Looks like Dana gave Kimbo the boot from the UFC.


----------



## terryl965 (May 9, 2010)

All I can say is good and it is about time, I mean he has no real talent, never did. Kimbo should feel lucky he was able to make so much money in such a little time, I hope he saved so he has a good retirement.


----------



## MJS (May 10, 2010)

http://www.sherdog.com/fighter/Kevin-Ferguson-22388

Here is his fight record, according to Sherdog.  Now, I will say this...I certainly would not want to trade shots with him, and most likely, I'd do everything in my power to avoid it.  He definately has some power behind his punches.  

I first heard about him, most likely the same way everyone else did...from his youtube fights.  Then again, were the people he was fighting, either on YT or in the ring, really that good?  I mean, I could go out and fight with some white belt beginner and make myself look good.  But fighting someone of some quality, well, the results may be different.  Were the people he fought, either in the UFC or Elite, really on a high skill level?  I dont know, as I'm not familiar with many of them, other than Tank.  

He won 3 out of 4 Elite fights, and is 1-1 in the UFC.  Was that enough grounds for Dana to give him the boot?  I didn't see the recent fight, so I dont know.  

It seems to me, and I may be wrong, but it seems that he was billed as something that he was not.  He was given an image and he wasn't living up to it.


----------



## theletch1 (May 10, 2010)

The way I see the situation is that White saw someone he could make a quick buck off of with a bit of hype.  When the newness wore off it was time to give him the boot.  I've seen a couple of interviews with Kimbo since the TUF thing and I'm impressed with the change I've seen in his personality since his YT days.  I think that may be White's problem, he wanted some street thug and he found someone who, once introduced to real training, found a love for the more legitimate sport of things.  I don't think Kimbo will have a problem getting a deal with Dream or one of the other japanese orgs if he continues to train hard.  I'm not a fan of Dana White.  Let him keep booting fighters as soon as they stop pulling top numbers and the other orgs will benefit in the long run.


----------



## MattJ (May 10, 2010)

Personally, I liked Kimbo after seeing him on TUF, and thought he should have gotten one more fight.
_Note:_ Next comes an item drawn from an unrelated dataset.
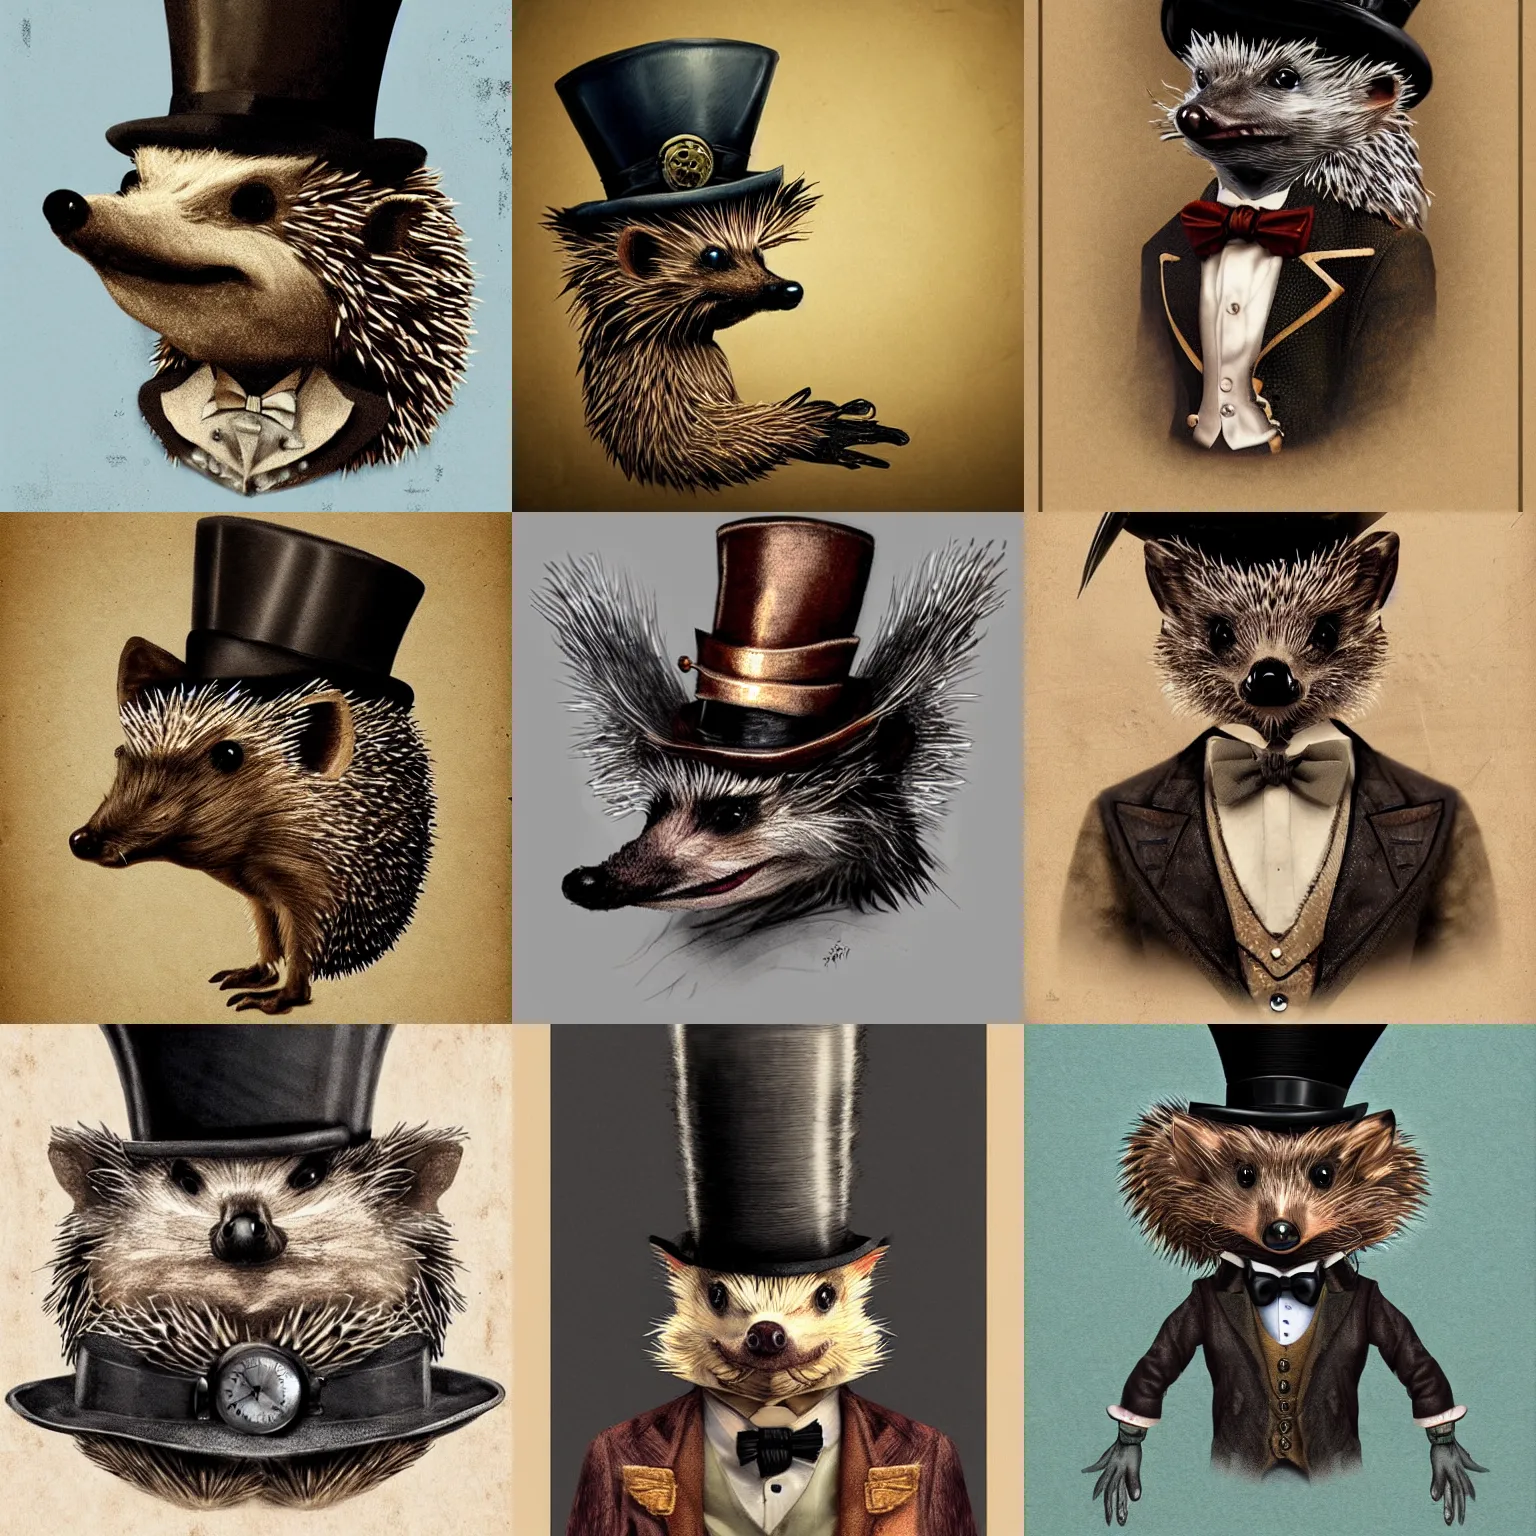 Prompt: hedgehog wearing a top hat, steampunk, portrait, detailed, intricate, digital art, trending on artstation

But really, Dana made the right call here. Kimbo, despite his work and improvement, was not UFC caliber.


----------



## Andrew Green (May 10, 2010)

MJS said:


> He won 3 out of 4 Elite fights, and is 1-1 in the UFC.  Was that enough grounds for Dana to give him the boot?  I didn't see the recent fight, so I dont know.



Just looking at the numbers maybe not, but while Kimbo did win against Houston Alexander, he was far from effective in that fight.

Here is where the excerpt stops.